Microfinance Industry Network
- Formation: 2009
- Location: Gurgaon, Haryana, India;
- Key people: Mr Vineet Chattree (Chairperson) Mr Dibyajyoti Pattanaik (Vice Chairperson) Dr Alok Misra (Chief Executive Officer)
- Website: http://www.mfinindia.org/

= MicroFinance Institutions Network =

The Microfinance Industry Network (MFIN) (earlier known as Microfinance Institutions Network) is an association for the microfinance sector in India.

==Business model==
The Microfinance Industry Network was created to promote microfinance. The network promotes responsible lending, client protection, good governance and a supportive regulatory environment. It was established in October 2009 as a society under the Andhra Pradesh Societies Registration Act 2001. According to its bylaws, all non-banking finance companies registered with the Reserve Bank of India are eligible for membership in the society. The Reserve Bank of India accorded recognition to the network via a letter dated 16 June 2014. The Microfinance Industry Network works actively with regulators and other key stakeholders.

The Microfinance Industry Network is organized into three verticals: self-regulation, advocacy & development and state initiatives.

The self-regulatory function was part of the Reserve Bank of India's remit to the network to help supervise compliance on behalf of the regulator. Microfinance Industry Network's internal whistle-blowing mechanism tries not to charge beyond rates suggested by the Reserve Bank of India from its member microfinance institutions.
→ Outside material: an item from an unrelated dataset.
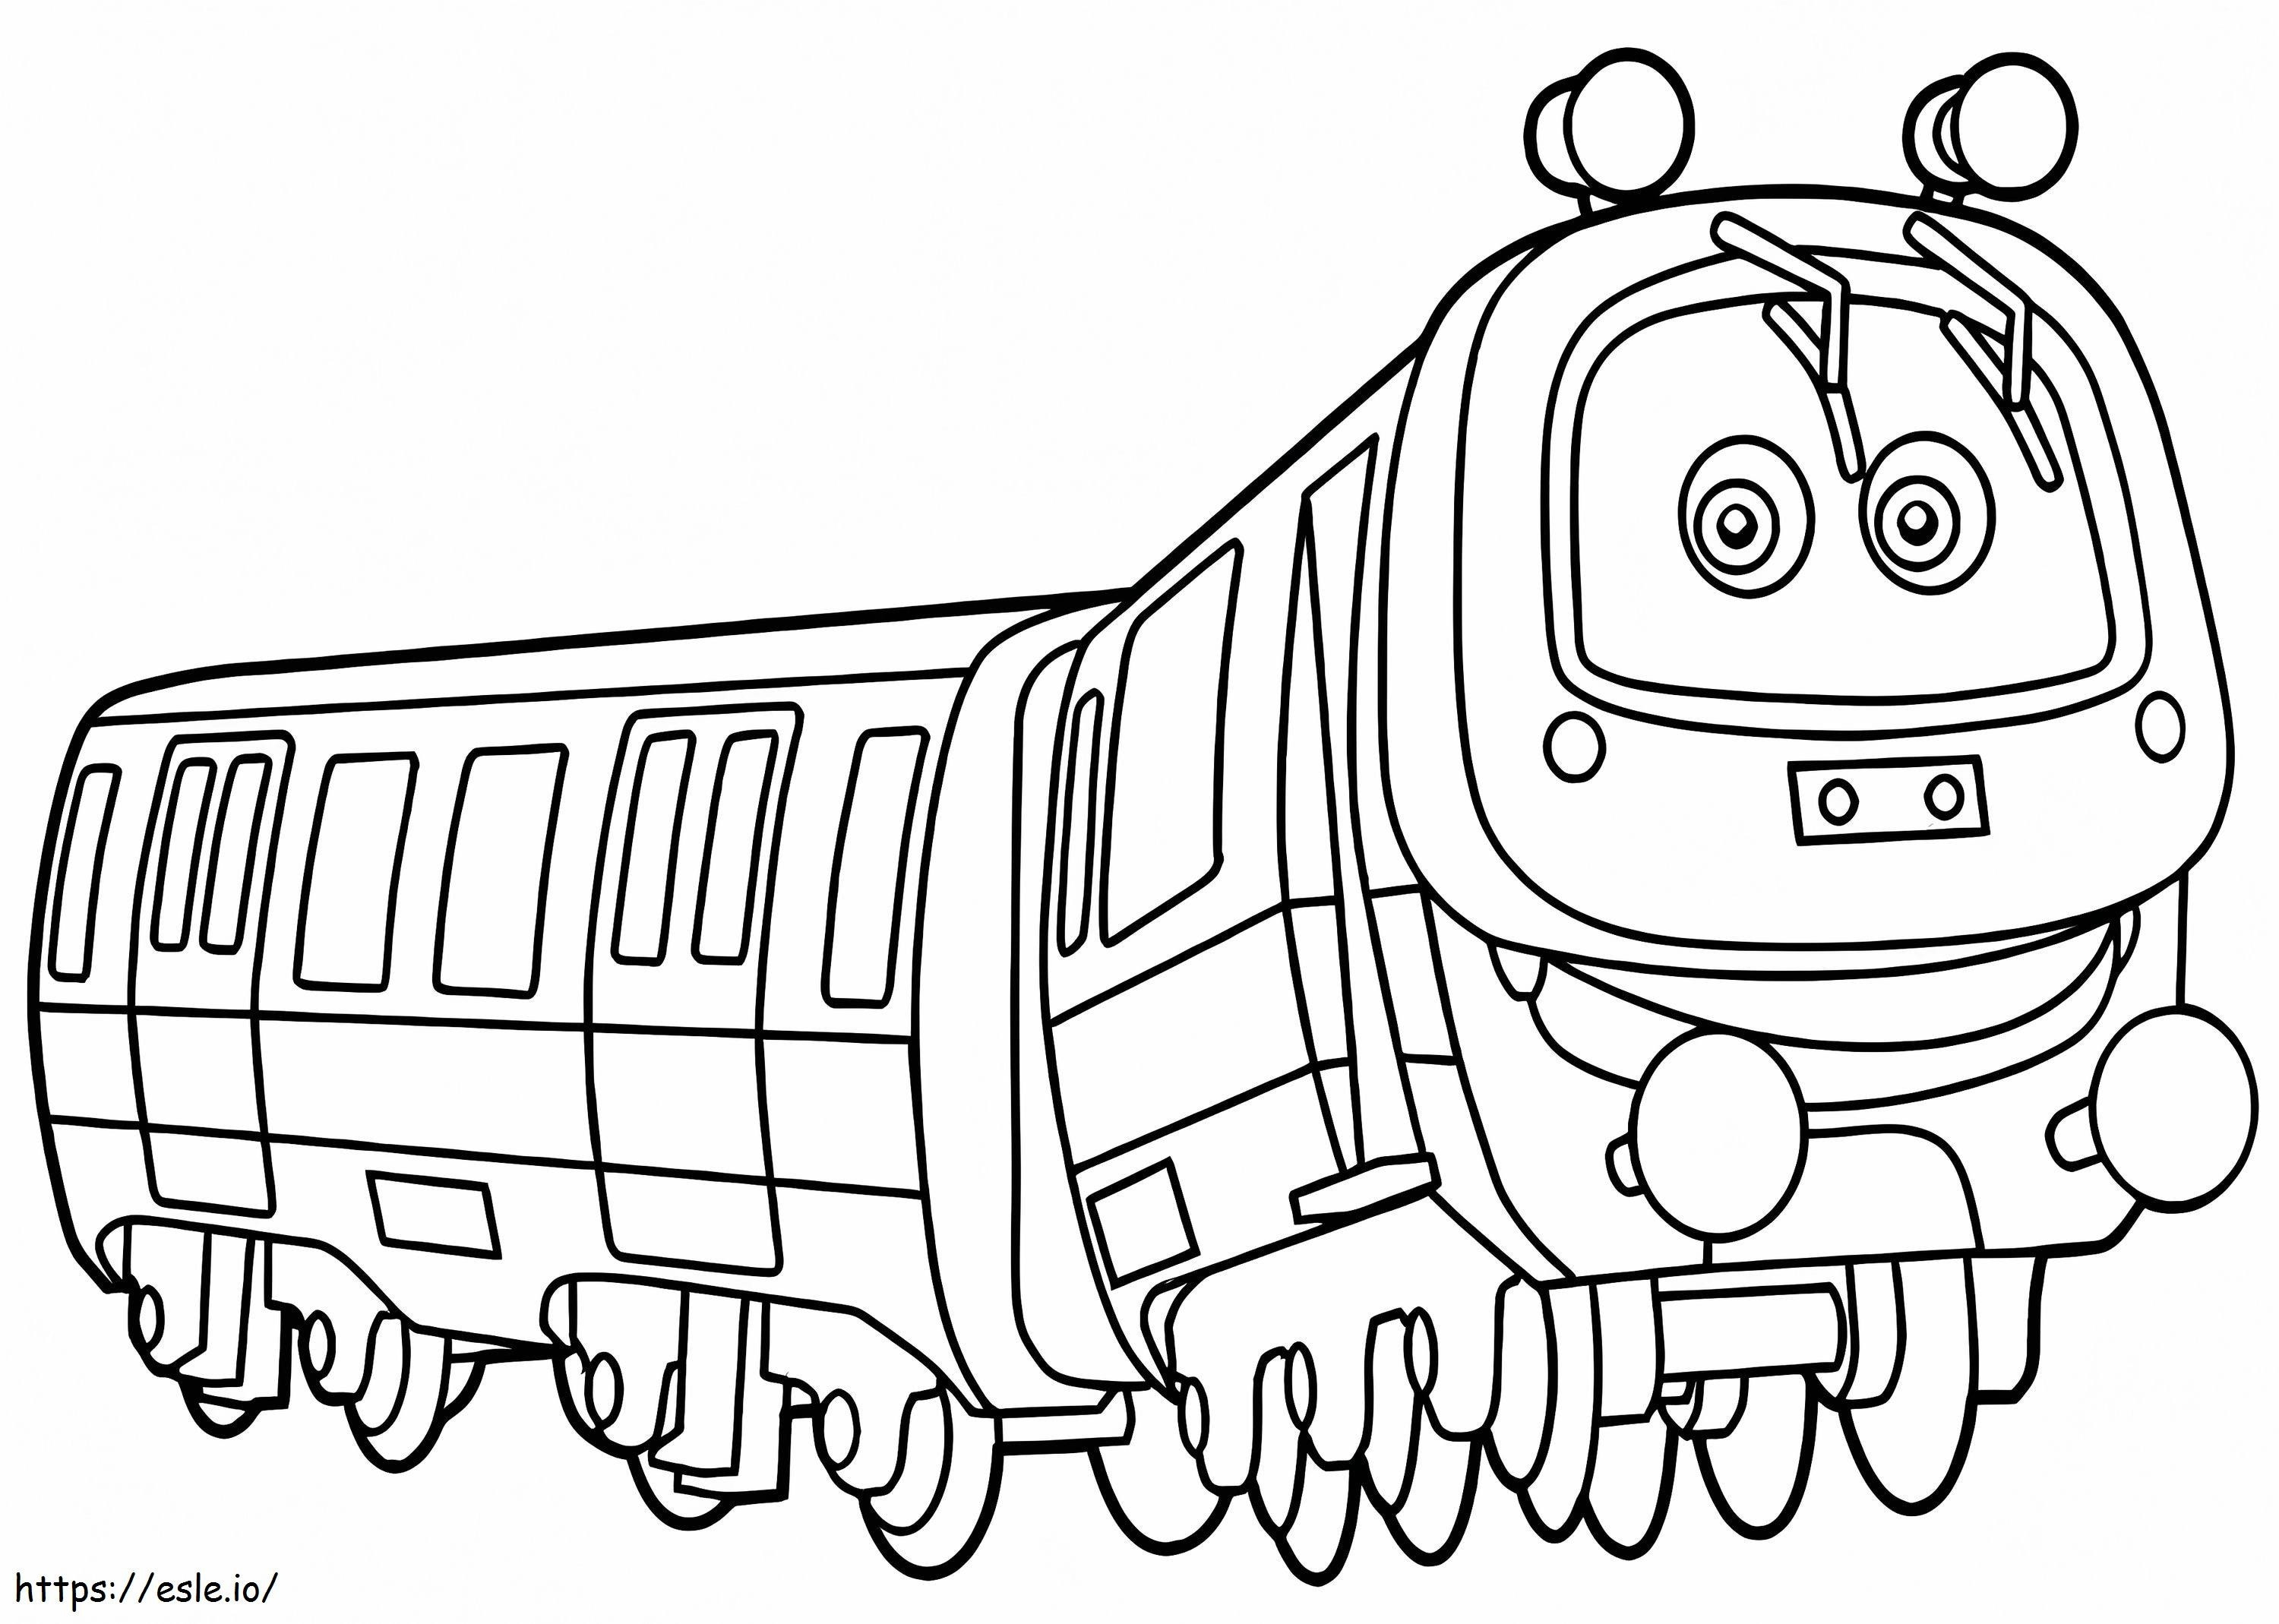 Emery From Chuggington coloring page

The Reserve Bank of India has set a cap on the lending rate of microfinance institutions at 26 per cent per year and a margin cap of 12 per cent over their cost of funds.
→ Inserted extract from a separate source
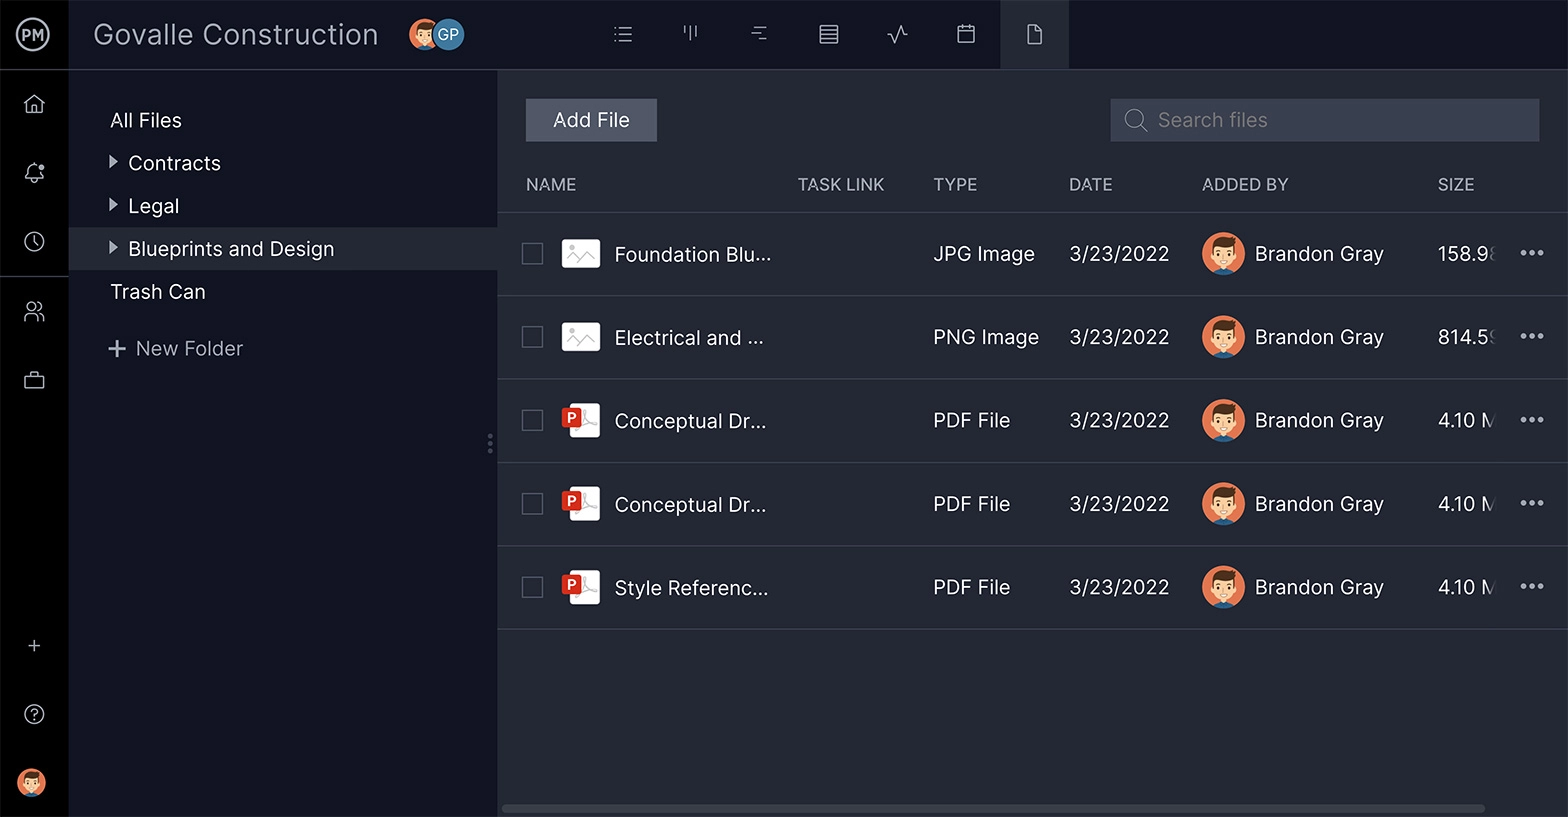 ProjectManager is a project scheduling software with unlimited file storage

Currently, the network member organizations consist of 55 of the leading non-banking financial companies and microfinance institutions, whose combined businesses constitute over 90% of the Indian microfinance sector, excluding SHGs.

==Database of borrowers==
The network tries to validate lending money beyond the client's (borrower) capability to pay back by finding the existing borrowings of the client through dedicated microfinance credit bureaus. Only two microfinance institutions can lend to one borrower, and together, they cannot provide loans beyond ₹100,000.
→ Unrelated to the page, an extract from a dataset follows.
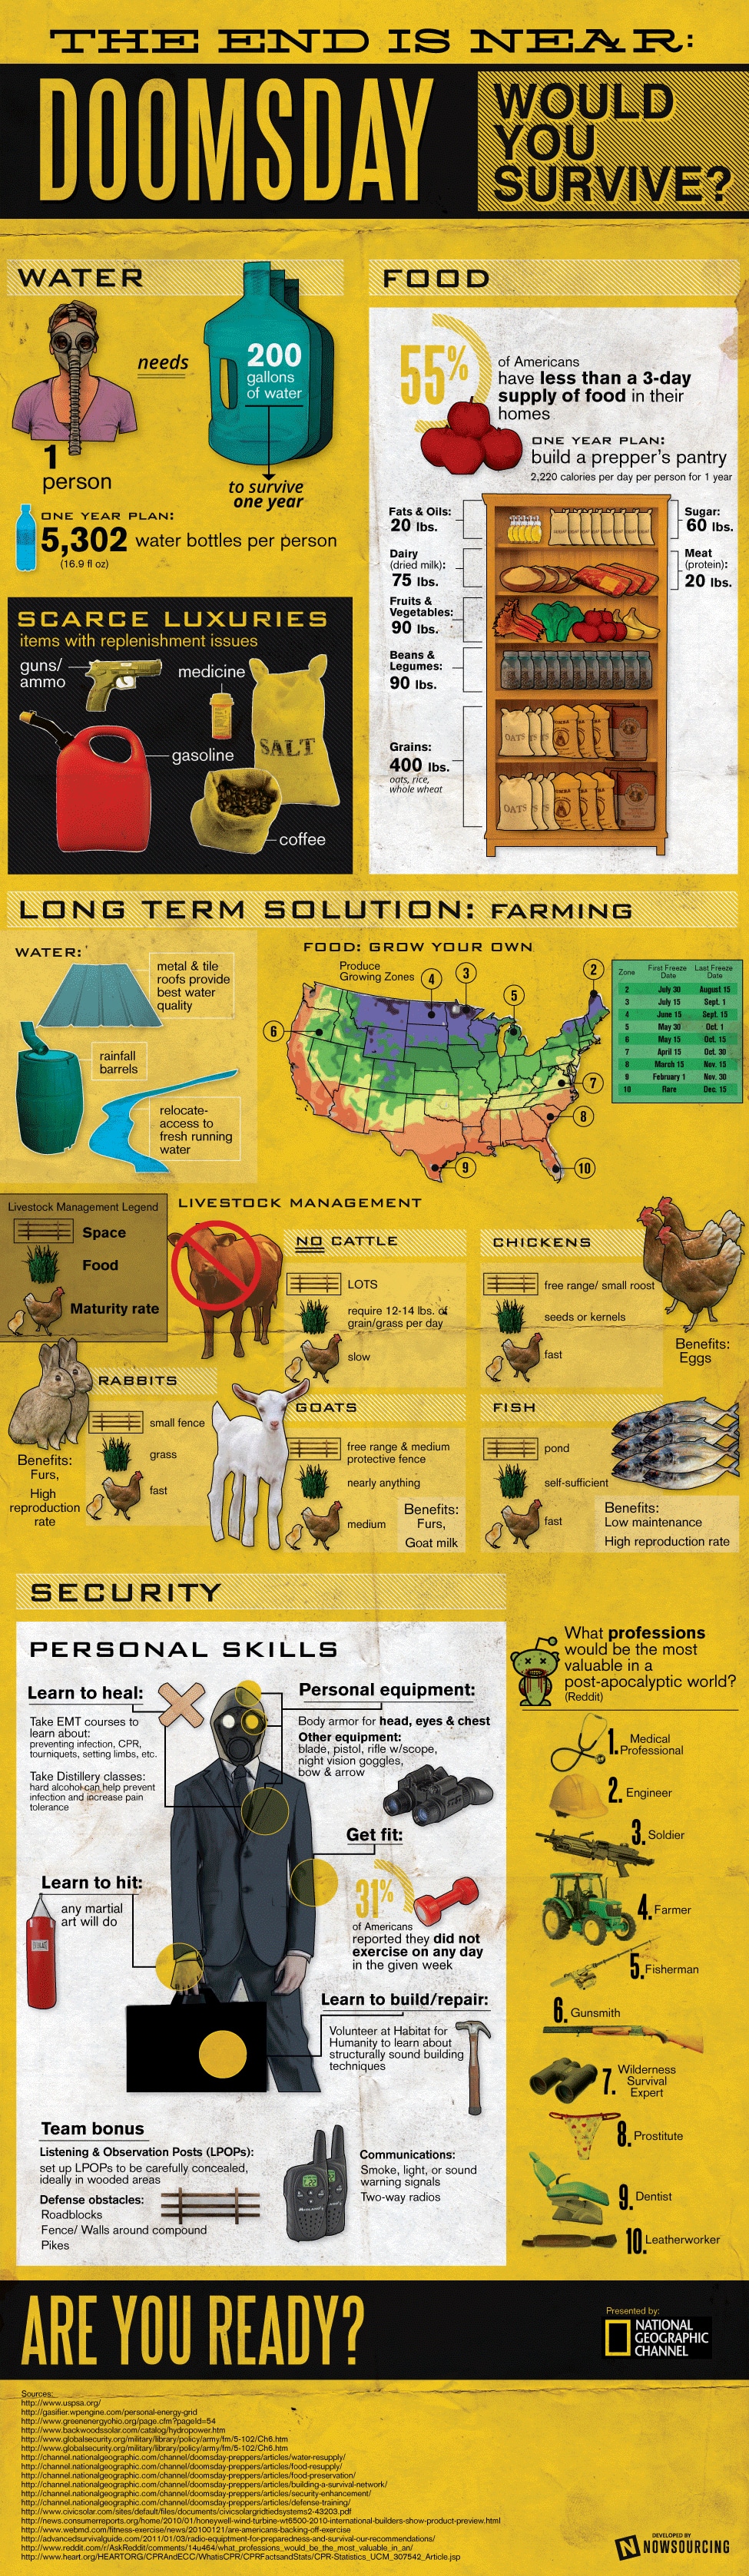 doomsday-prepper-survival-guide-infographic

The network has facilitated setting up a database of the borrowers, which confirms the necessary validation. The database consists of over 30 million microborrowers and about 60 million loan accounts. When a person applies for the loan, the network checks for the loan history and verifies the Reserve Bank of India benchmark with the credit reports. The credit reports are around 80–90% accurate.